The entire program was in Spanish.  I don't speak Spanish at all, but I opted to just listen without the translator headphones that were offered and try to feel the spirit of what was being said.  And remarkably, I understood a lot more than I thought I would.  I understood the parts about how Lucita would always kiss everyone on the cheek and how she loved having babies in her home and how even as her eyesight gradually deteriorated, she would still read the scriptures every single day.  I wrote down the words that were said over and over again that I didn't understand, like "amorosa" and looked them up when I got home.  But honestly, I didn't even have to do that to know that this was a remarkable, kind, caring, spiritual woman with a blazing testimony.  I only met her a couple of times, but I know her children and her grandchildren and they are remarkable.  
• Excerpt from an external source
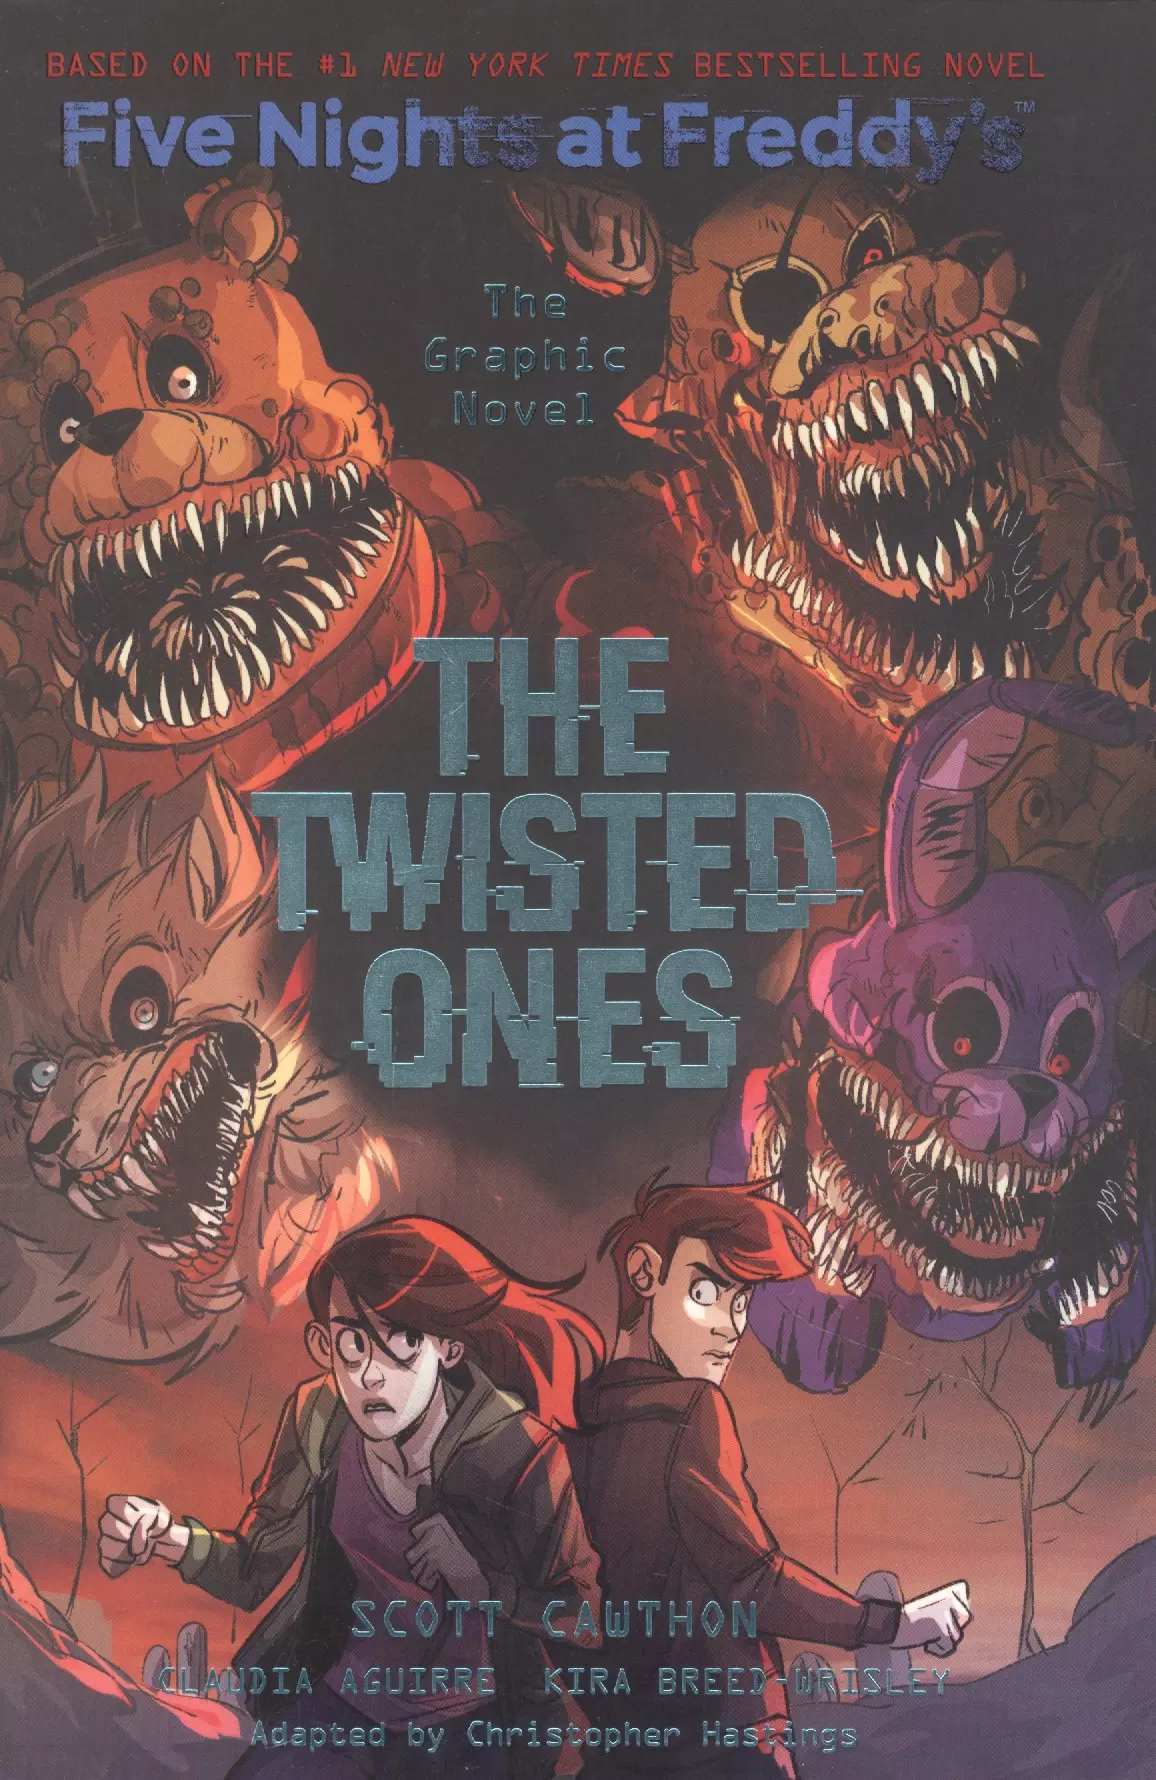 The Twisted Ones (Five Nights at Freddys Graphic Novel 2) cawthon scott cooper elley into the pit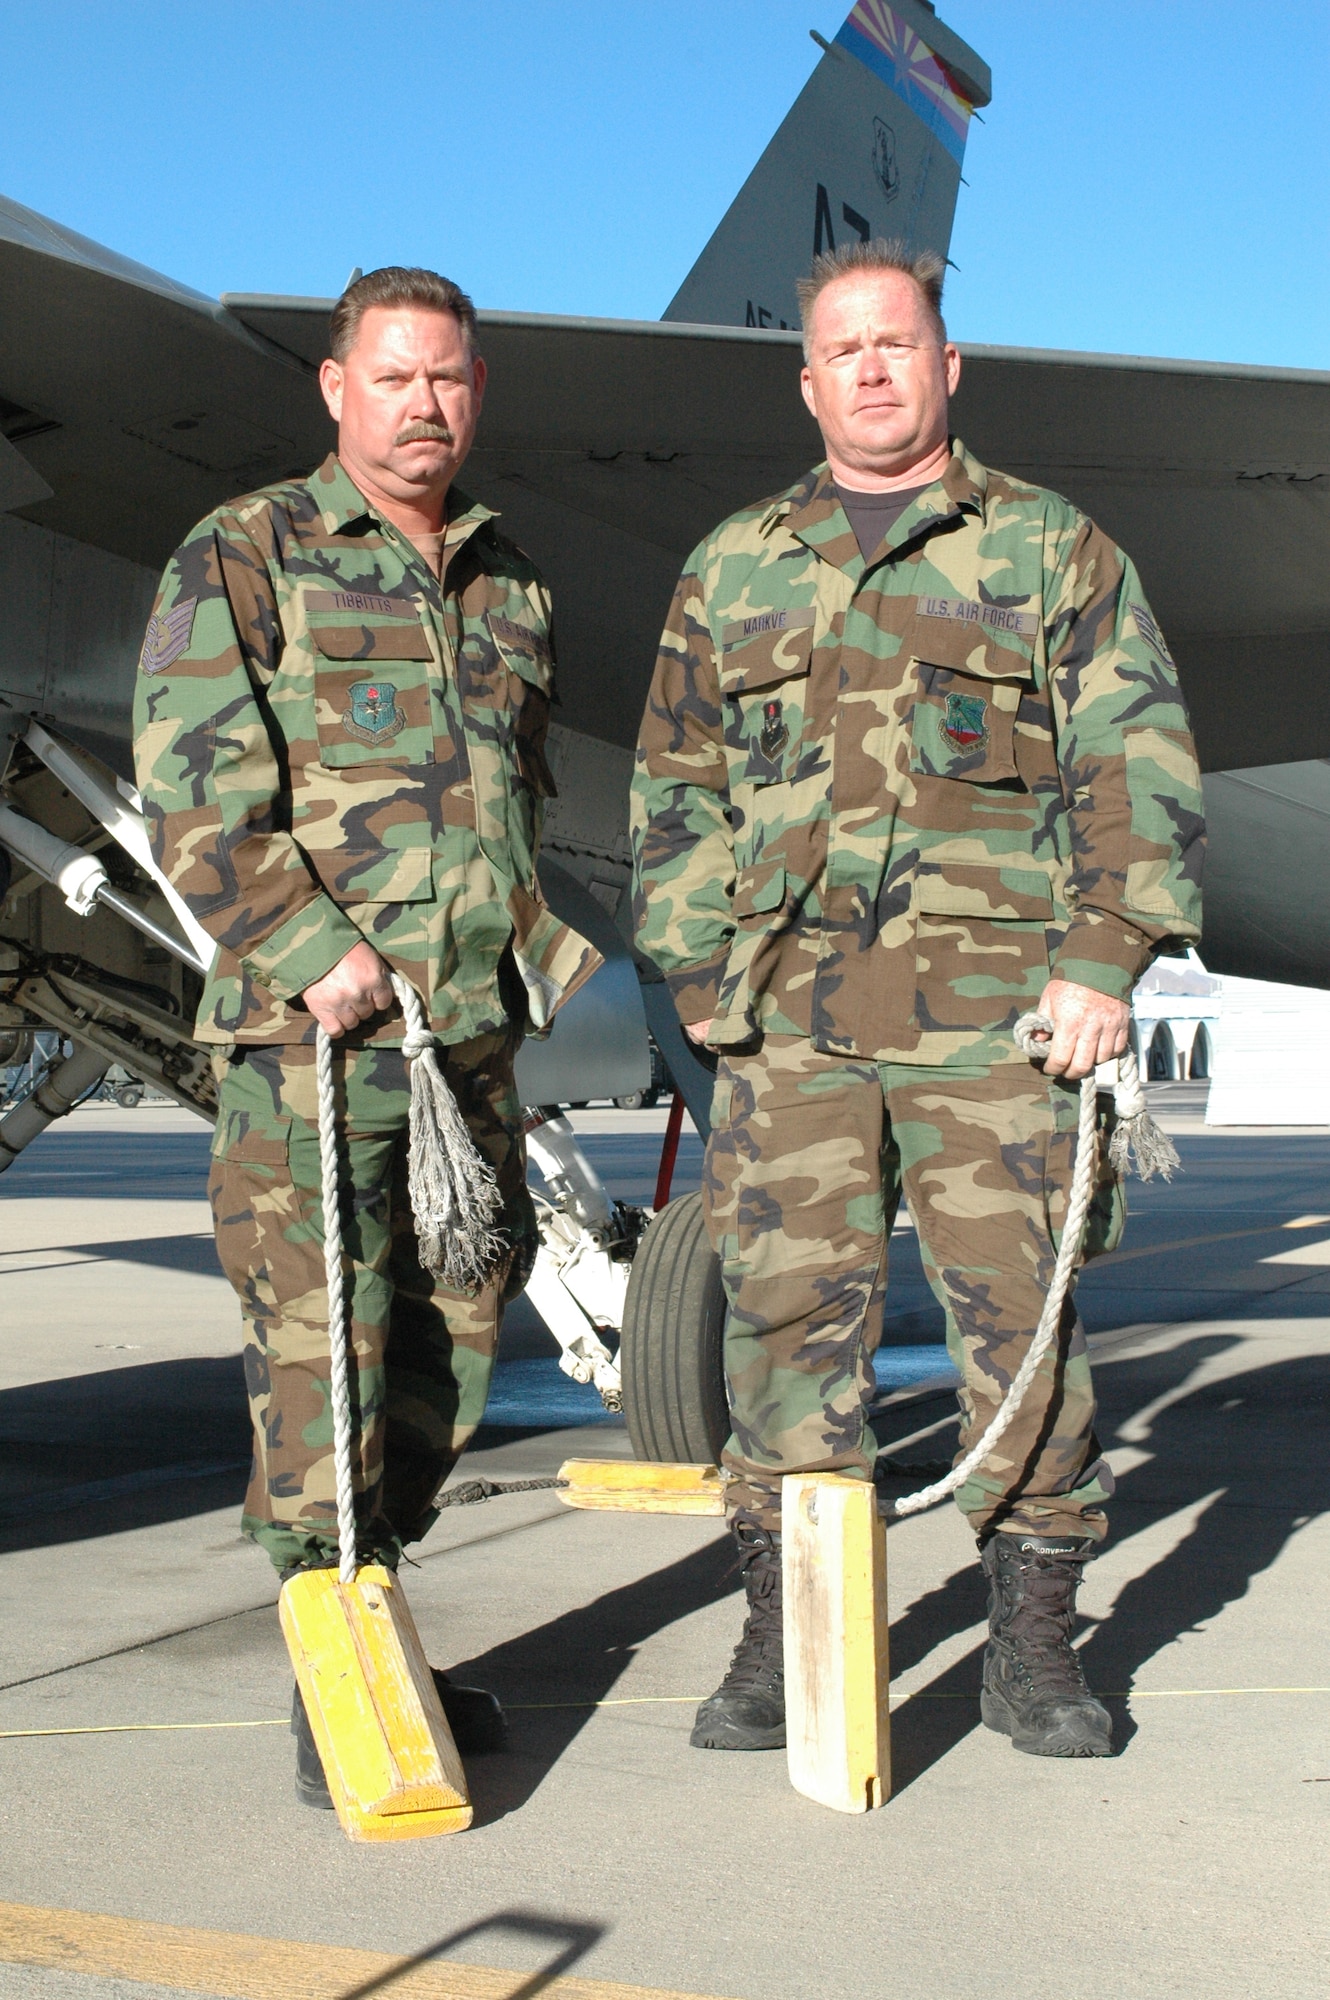 Tech Sgt. Daniel Tibbitts (left), Staff Sgt. Michael Markve (right) and Tech. Sgt. Jaime Aviles (not pictured) earned the Air Force and Air Education and Training Command Safety Well Done Awards for saving this F-16 from a mishap last year. The three crew chiefs, assigned to the Arizona Air National Guard's 162nd Fighter Wing, used chocks to stop the aircraft when loss of hydraulic pressure in the braking system caused it to meander uncontrollably on the flightline here. (Air National Guard photo by Staff Sgt. Desiree Twombly)

Today, my heart aches for people who aren't here, people I can't talk to, whose voices I can no longer hear.  I miss my parents.  I miss my grandmothers.  I miss both of Craig's grandmothers.  But these words from a Conference talk awhile ago were in my head as I drove home from McKinney this afternoon.  
"In light of what we know about our eternal destiny, is it any wonder that whenever we face the bitter endings of life, they seem unacceptable to us?  There seems to be something inside of us that resists endings. 
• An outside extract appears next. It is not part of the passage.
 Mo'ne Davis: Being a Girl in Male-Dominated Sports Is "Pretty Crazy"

Why is this?  Because we are made of the stuff of eternity.  We are eternal beings, children of the Almighty God, whose name is Endless, and who promises eternal blessings without number.  Endings are not our destiny.  The more we learn about the gospel of Jesus Christ, the more we realize that endings here in mortality are not endings at all.  They are merely interruptions - temporary pauses that one day will seem small compared to the eternal joy awaiting the faithful.  How grateful I am to my Heavenly Father that in His plan there are no true endings, only everlasting beginnings. 
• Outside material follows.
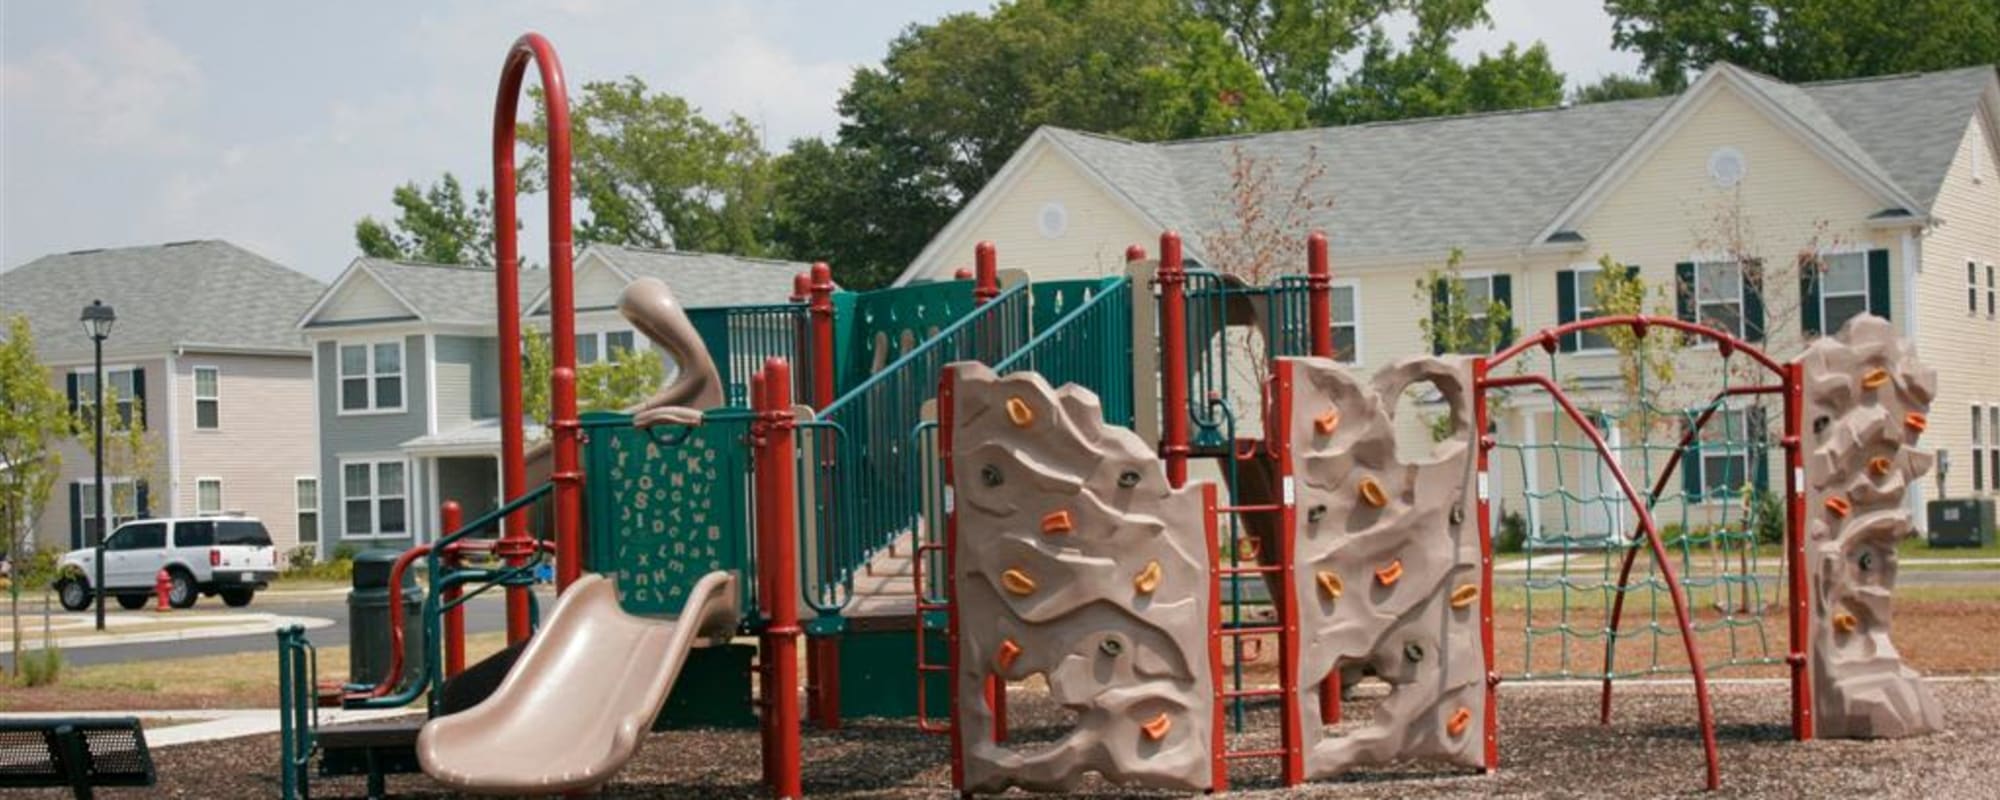 Playground at The Village at New Gosport in Portsmouth, Virginia

How blessed we are if we recognize God's handiwork in the marvelous tapestry of life.  Gratitude to our Father in Heaven broadens our perception and clears our vision.  May we live in thanksgiving daily - especially during the seemingly unexplainable endings that are part of mortality.  May we allow our souls to expand in thankfulness toward our merciful Heavenly Father.  May we ever and constantly raise our voices and show by word and deed our gratitude to our Father in Heaven and to His Beloved Son." - Dieter F Uchtdorf
At the end of the funeral, the closing hymn listed was Conmigo quedate, Señor.  I had no idea until the organ started playing that it was Abide With Me.  What a beautiful way to hear that hymn.  And what a personally powerful source of joy for me.  I did not expect to feel uplifted by a funeral.  I didn't expect to hear things in Spanish that were personally relevant.  And I didn't expect this January 7th to be anything but grey and foggy.  But sometimes days turn out differently than you think they're going to.  Sometimes JOY and HOPE sneak into unexpected places.